NACS Show highlights international flair
December 1, 2009
The NACS International Forum at the NACS Show focused on the theme ‘International Trends in a Changing Economy’, providing attendees with ideas and solutions designed to help weather the economic storm.
Educational programs featured global best practices, including cross-cultural differences that complicate global leadership.
“These differences can make global leadership particularly challenging,” said David Bowen of the Thunderbird School of Global Management in Glendale, Arizona.
Bowen explained how “similar challenges can arise in one’s own backyard, with a diverse workforce”. His research has shown that having a global mindset positively impacts organisational behaviour and human resource management, which in turn influence both employee and customer satisfaction.
Following Bowen’s presentation, attendees heard about store layout and design in ‘Global Trends in Convenience Retail Design’, presented by Joe Bona, president of CBX Consulting. Bona suggested differentiating from the competition by focusing on the store layout.
“Milk, juice and dairy can be in the middle of the store to put a stronger emphasis on fresh. Essentially, it’s not changing what you sell, but how you sell it,” said Bona.
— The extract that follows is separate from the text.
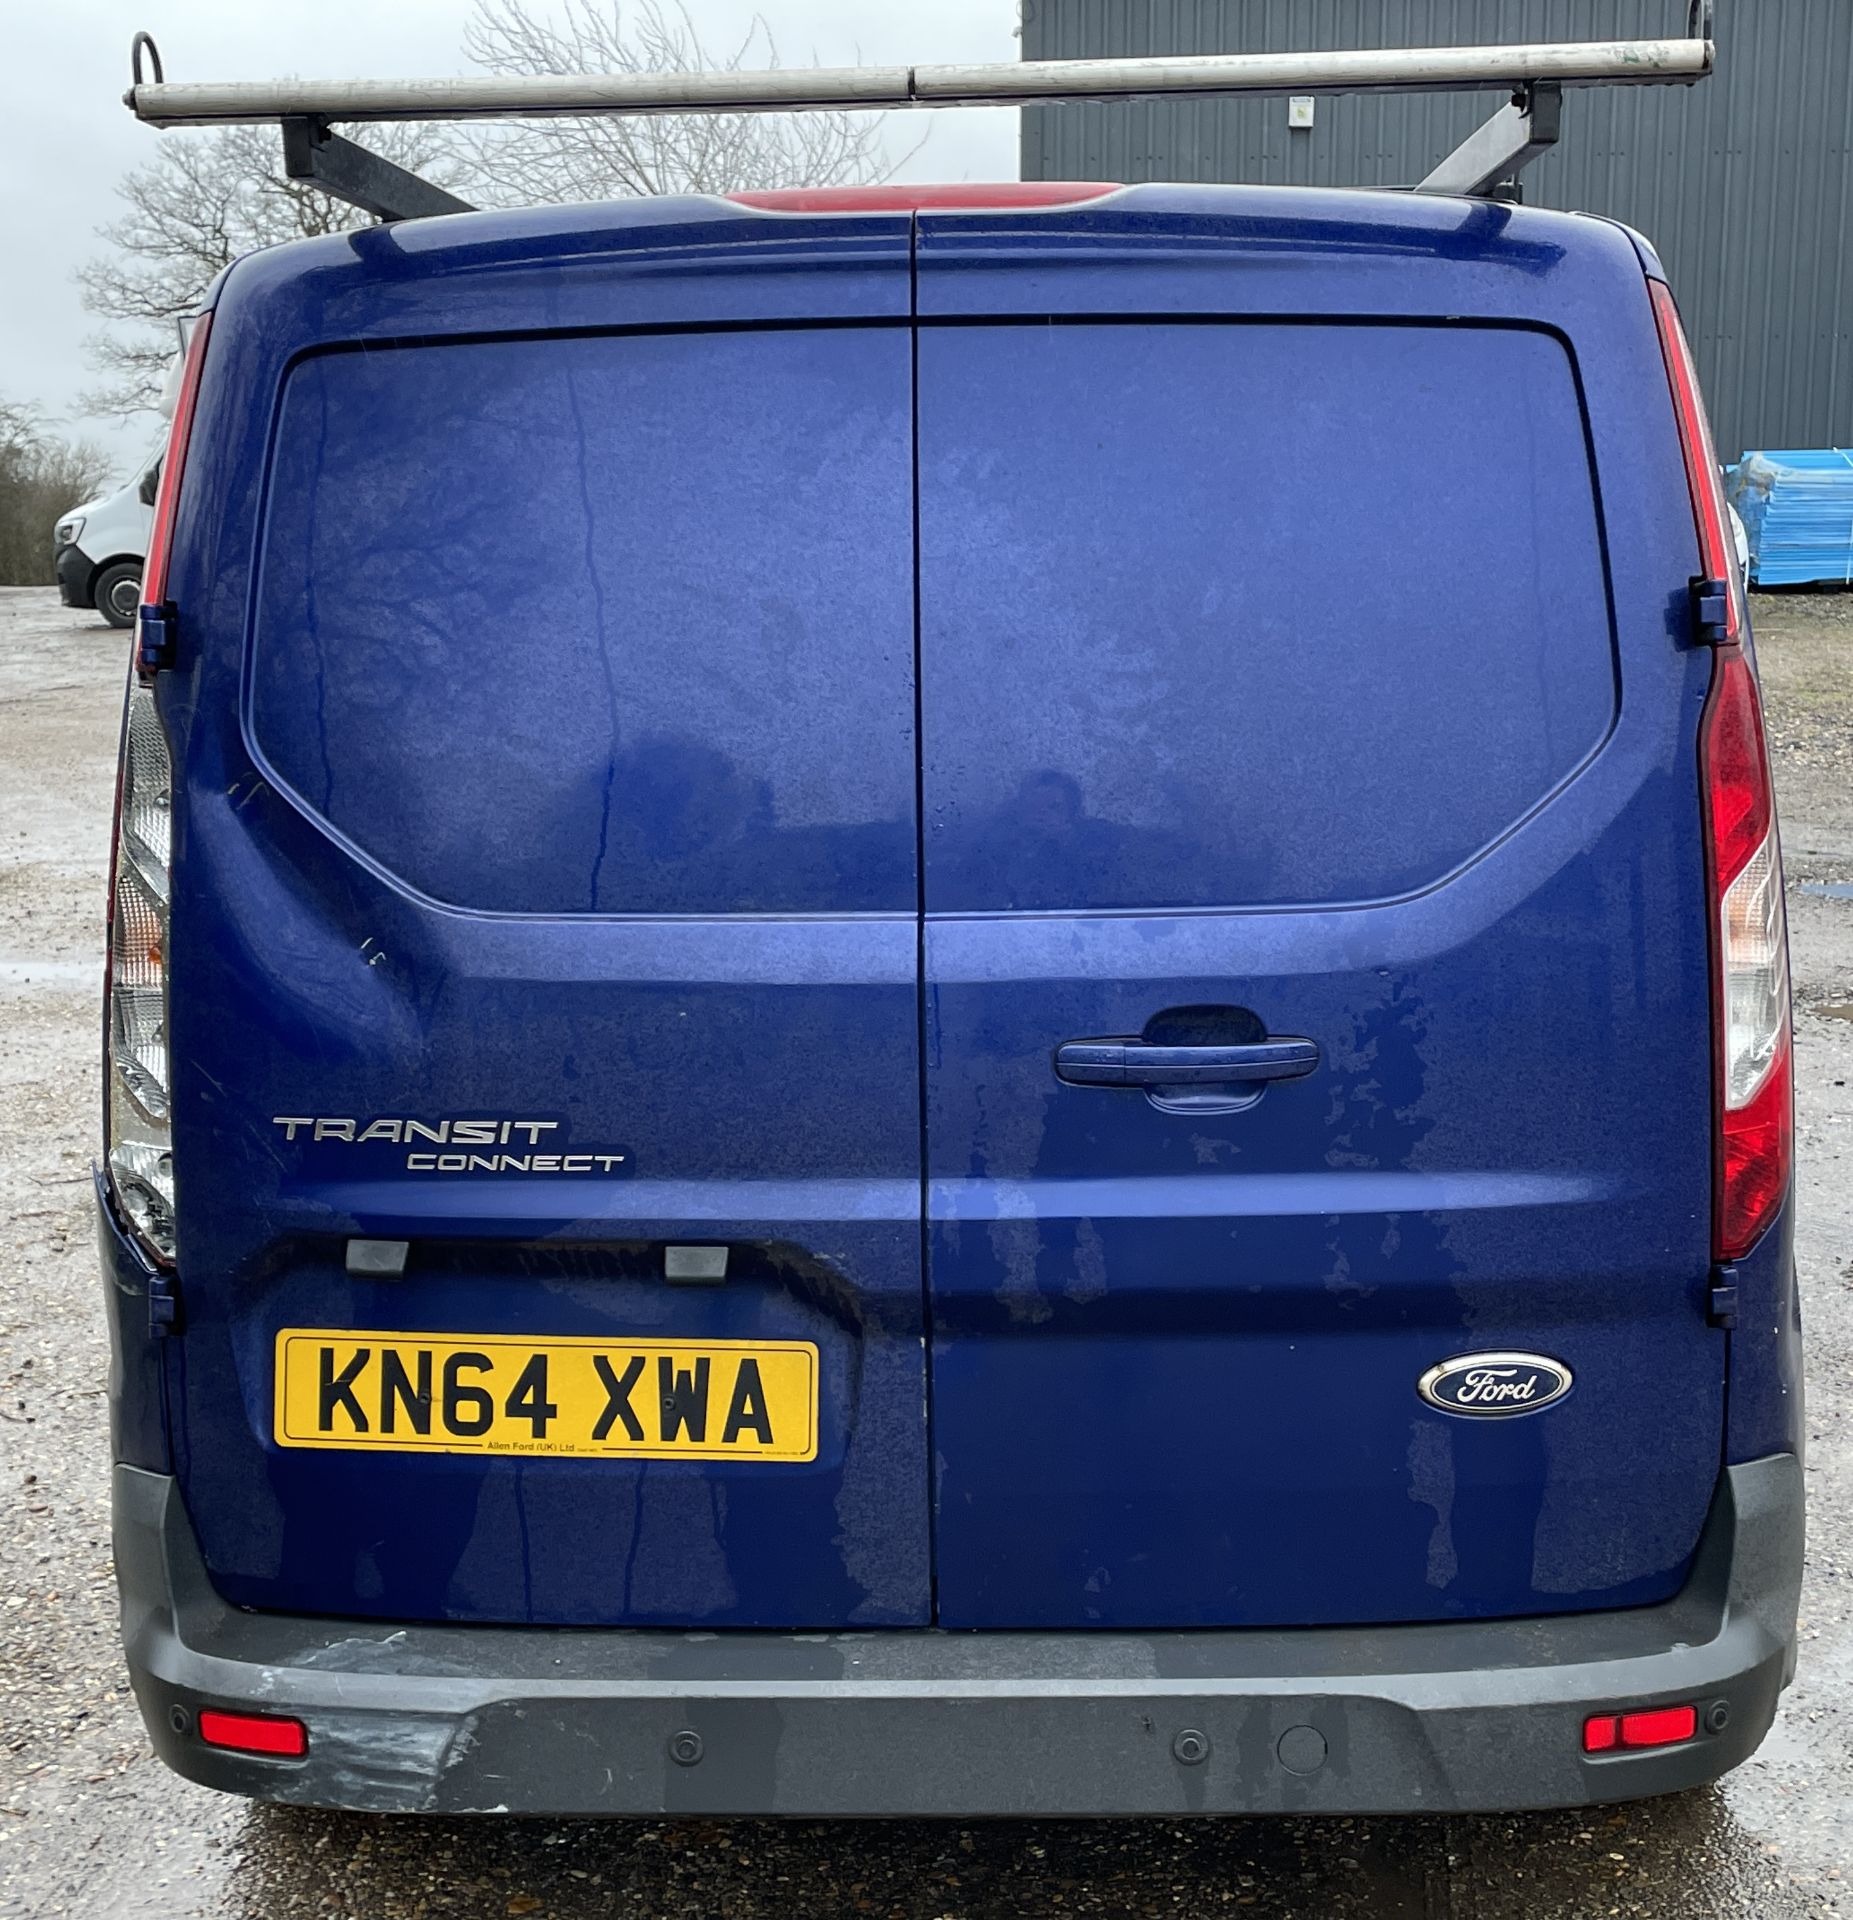 Ford Transit Connect 200 L1 Diesel 1.6 TDCi 115ps, Registration KN64 XWA, 1st Registered 28th - Image 6 of 30

‘So, You Think You Know Your Customers’ confirmed and eradicated some convenience industry shopper myths. Mike Greene, CEO of him!, has been recognised as one of the leading advisors and leaders of international convenience and small-format retailing. NACS partners with him! to offer the Convenience Tracking Program (CTP), which provides shopper insights research for NACS members in the United States.
Dan Munford, a partner at UK-based Insight Research, led a discussion on ‘Global C-store Innovations’. From fresh-baked pastries to sleek design and effective signage, the solutions presented during the workshop could be used as excellent benchmarking tools.
“The concept of convenience is changing,” said Munford. “Stores are still fighting for consumers who are in a hurry, but there is also now a notion of freshness that dominates the business.”
Munford took the audience on a virtual journey around the world — from British retailers Asda and Waitrose, to Irish retailer Applegreen and South African retailer Pick n Pay — to showcase some of the best ways to incorporate freshness and other important concepts into the store experience.
“With instant communication, it is even a smaller world than ever before — everything that happens in one part of the world impacts another,” said Neerja Kathuria, NACS vice president of international and industry analytics.
“In order to be successful, it is vital for operators to understand and interpret global trends in their own context. The knowledge participants gained from the International Forum will enable them to be well prepared and succeed in their respective markets,” continued Kathuria. “We hope the participants walked away with at least a few actionable ideas that they can implement to grow their business right away.”